_Description of the task_
Whatever pictures appear, omit them, and repeat the data below exactly.

_Given data_
---

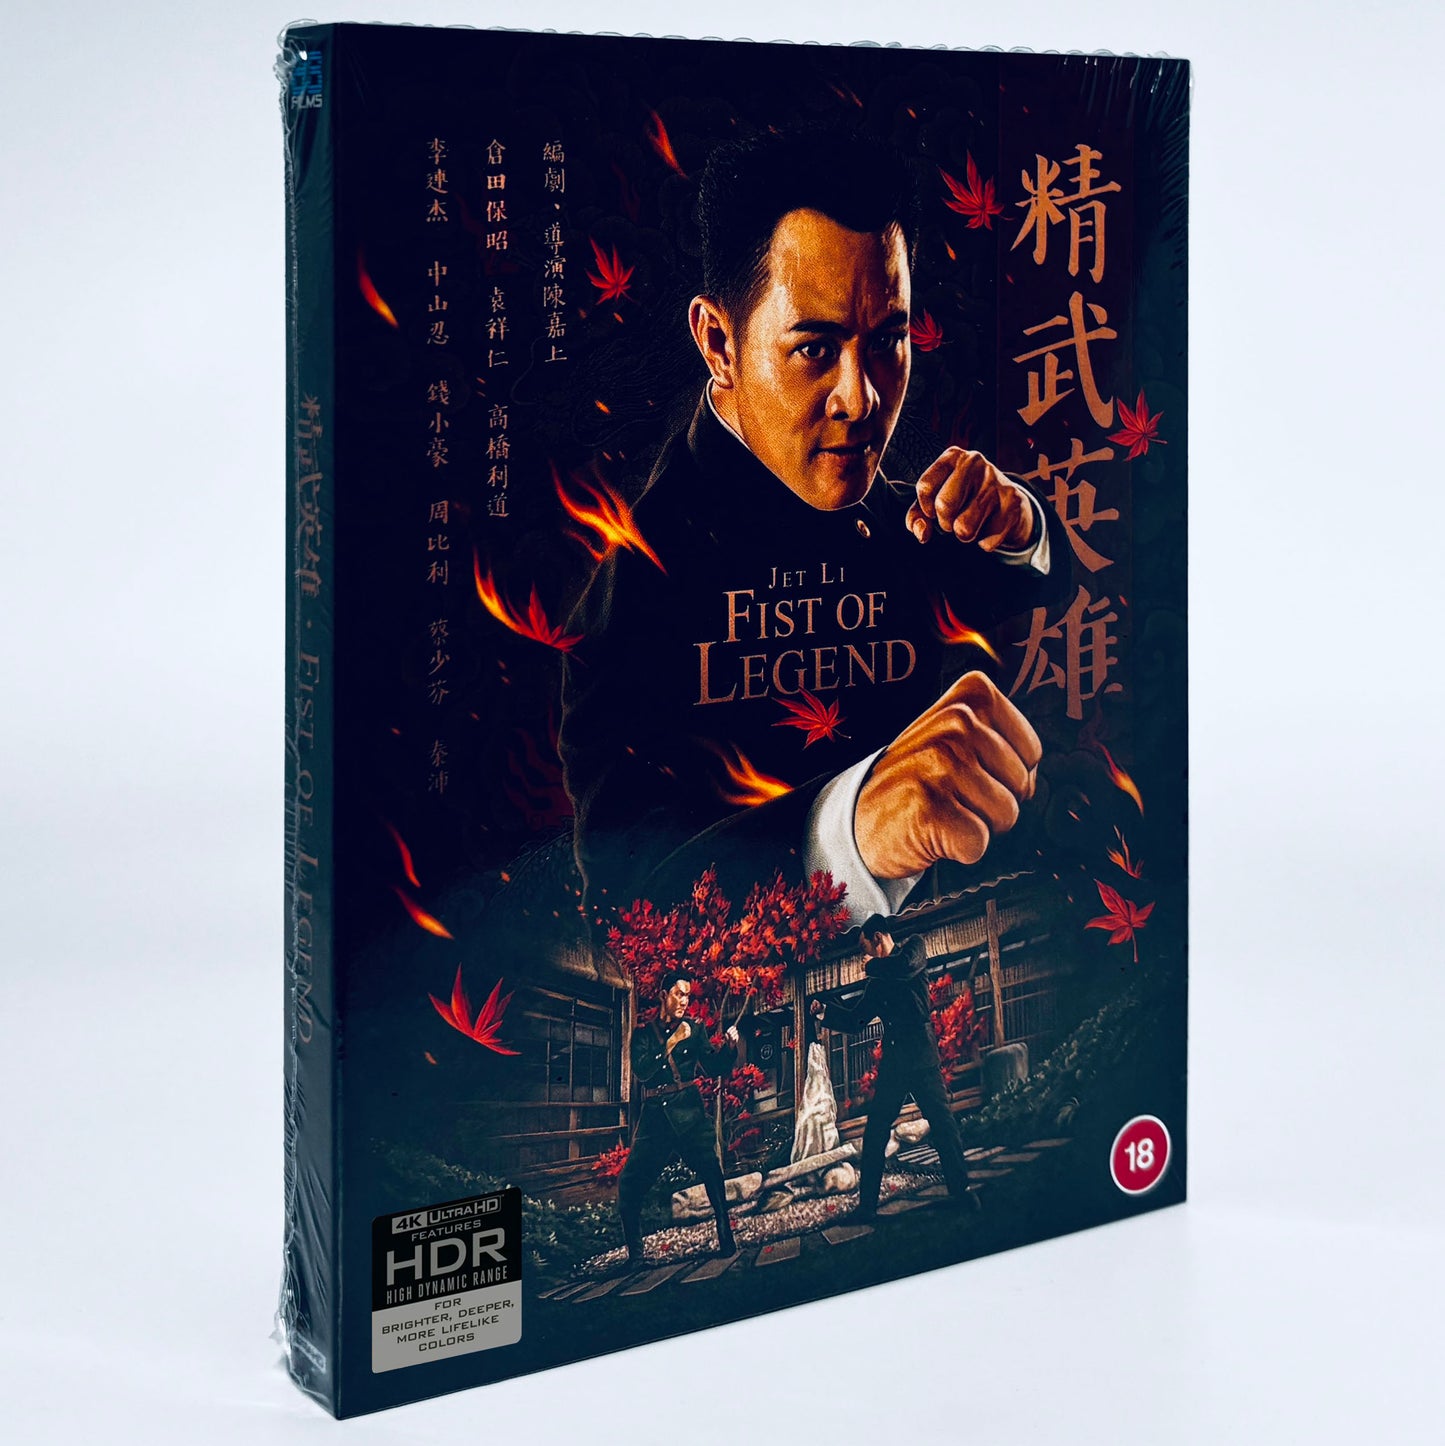 Fist of Legend Jet Li 4K UHD Blu-ray 88 Films Ultra HD Yuen Woo Ping Gordon Chan
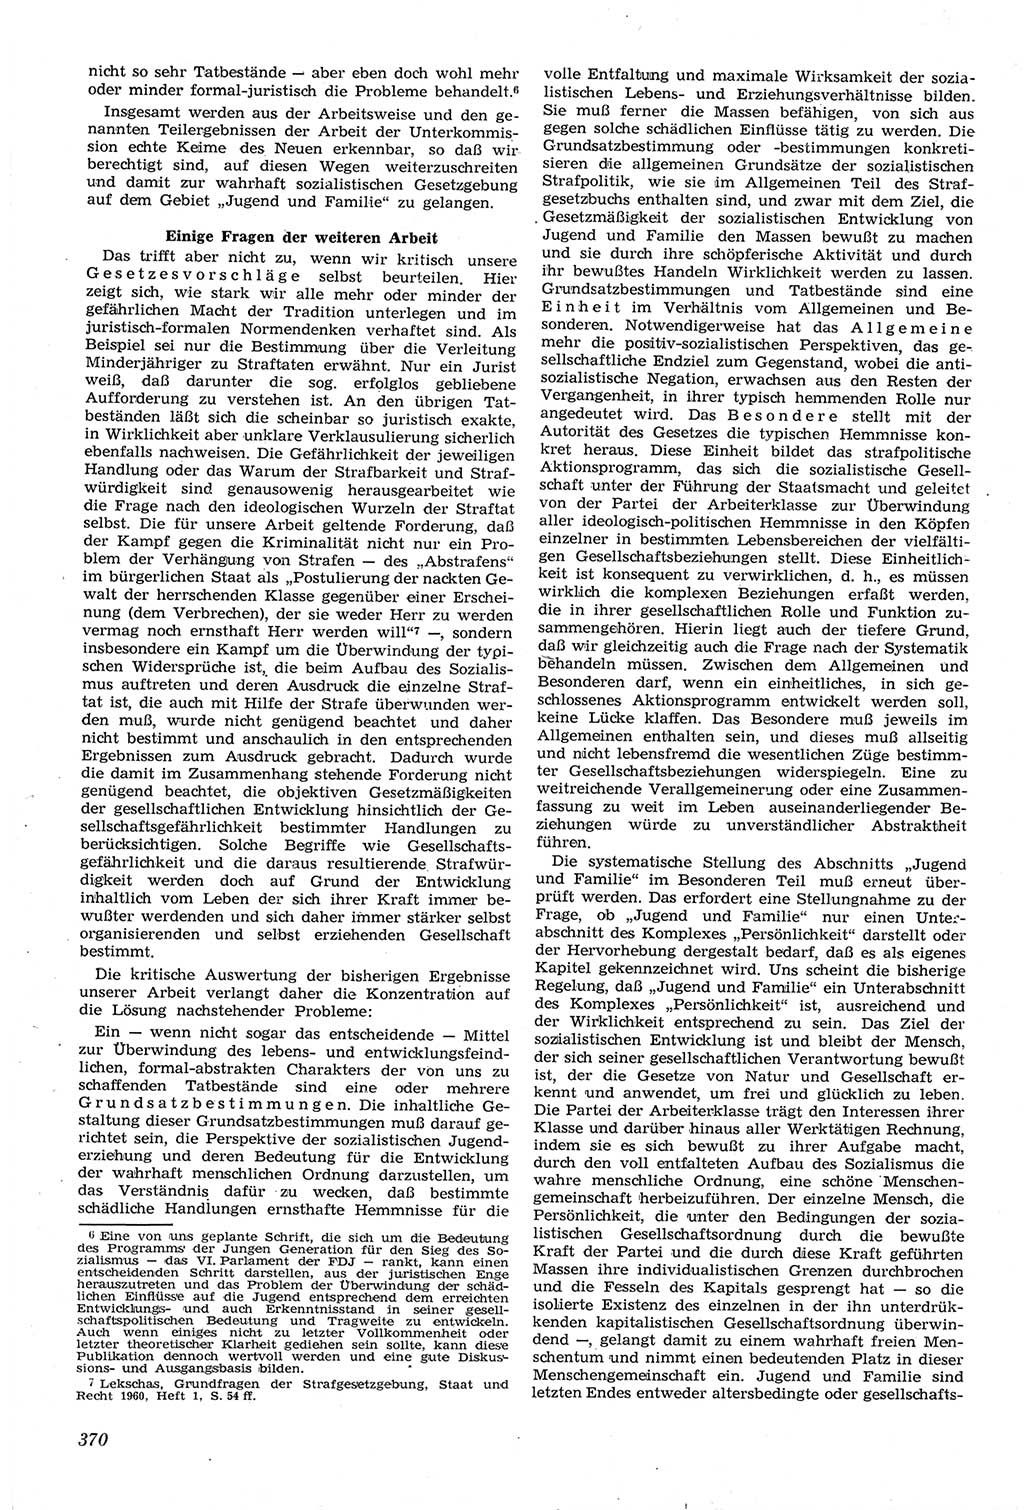 Neue Justiz (NJ), Zeitschrift für Recht und Rechtswissenschaft [Deutsche Demokratische Republik (DDR)], 14. Jahrgang 1960, Seite 370 (NJ DDR 1960, S. 370)
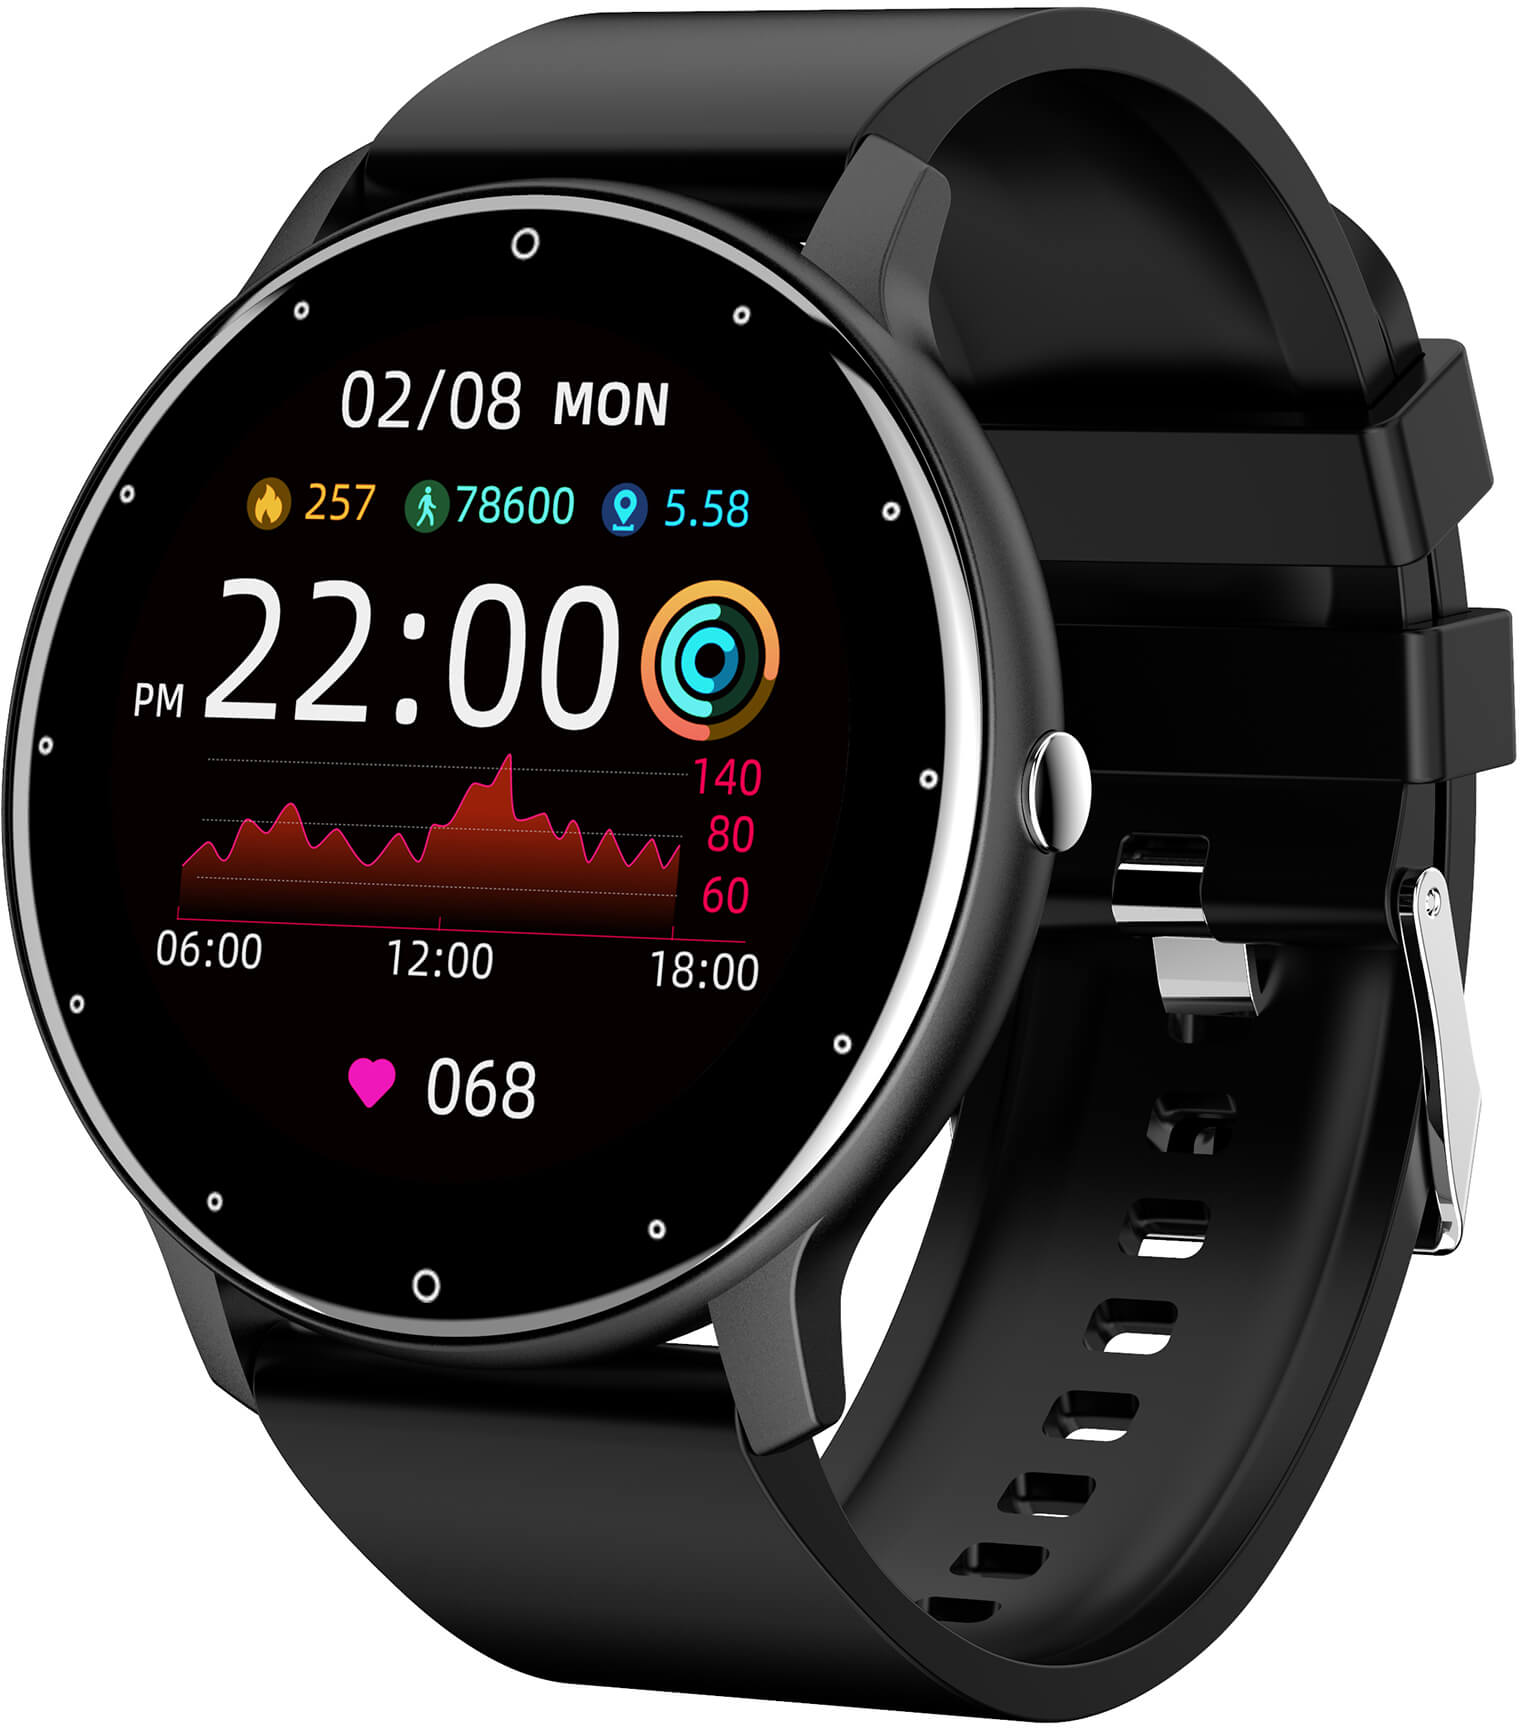 Wotchi Smartwatch W02B - Black

---

_Result_
 Fist of Legend Jet Li 4K UHD Blu-ray 88 Films Ultra HD Yuen Woo Ping Gordon Chan
 Neue Justiz (NJ), Zeitschrift für Recht und Rechtswissenschaft [Deutsche Demokratische Republik (DDR)], 14. Jahrgang 1960, Seite 370 (NJ DDR 1960, S. 370)
 Wotchi Smartwatch W02B - Black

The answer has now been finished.